Once you have completed the study unit you should be able to:

  • Identify the most important determinants of share prices
  • Use the business cycle to make forecasts of the share market
  • Define an industry
  • Apply the industry life cycle in order to analyse industries
  • Describe the qualitative factors influencing the analysis of an industry
  • Distinguish between the different types of industries
  • Identify the roles of the balance sheet and income statement with regard to company analysis
  • Explain the problem with reported earnings for the fundamental analyst
  • Identify the effect of earnings surprises on share prices
  • Use the P/E ratio in the investment decision process
  • Define all the concepts required for  bond valuation
  • Passive and active management strategies applicable to bond portfolios
  • Interpret technical analysis
  • Distinguish between the market-related, price-related and volume-related technical instruments signals.

 

SECTION 3:    MODERN INVESTMENT THEORY AND INVESTMENT MANAGEMENT

1.         INTRODUCTION

How to manage a portfolio is dealt with in this section.  The most important component of portfolio management is the measurement of performance.  Performance depends largely on market timing and security selection (stock picking).

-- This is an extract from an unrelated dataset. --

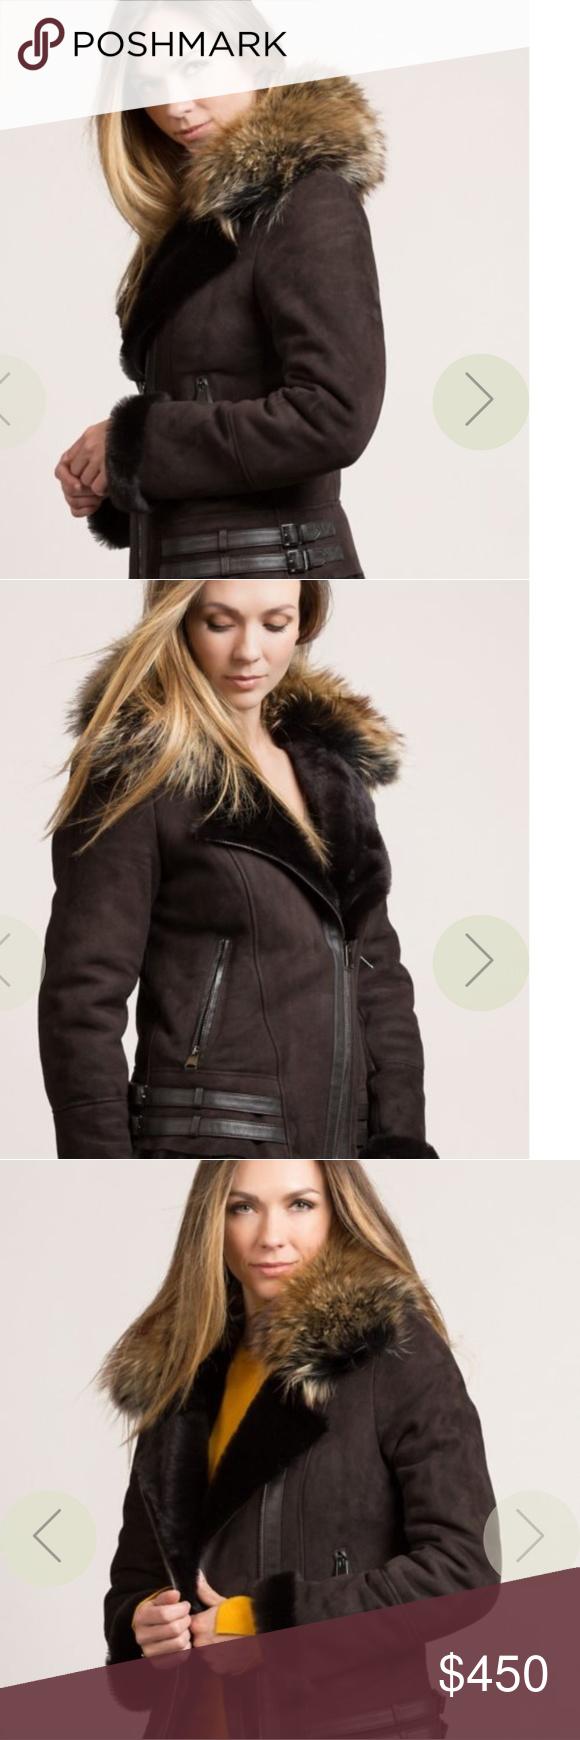 SALE SHEEPSKIN BOMBER JACKET Jackets, Bomber jacket, Fashion

2.         SECTION OBJECTIVES

Once you have completed the section you should be able to:

  • Apply portfolio management as a process
  • Formulate an appropriate investment policy
  • Evaluate portfolio performance
  • Use return and risk considerations when measuring performance
  • Analyse the contribution of market timing and security selection to the success of portfolio management

3.         STUDY UNIT 8 

3.1      Prescribed reading material

Jones, chapters 21, 22 and 23 

3.2       Objectives

Once you have completed the study unit you should be able to:

  • Describe portfolio management as a process
  • Formulate an appropriate investment policy for institutional and individual investors
  • Apply asset allocation when constructing a portfolio
  • Identify the reasons for probable adjustments to an individual’s investment portfolio
  • Describe the framework for evaluating portfolio performance
  • Define the different risk-adjusted measures of performance
  • Use benchmarking
  • Explain the contribution of market timing and security selection to the performance of an investment portfolio

 

Reminder:

Keep on reading to stay in touch with the factors influencing investment decisions and the construction of investment portfolios.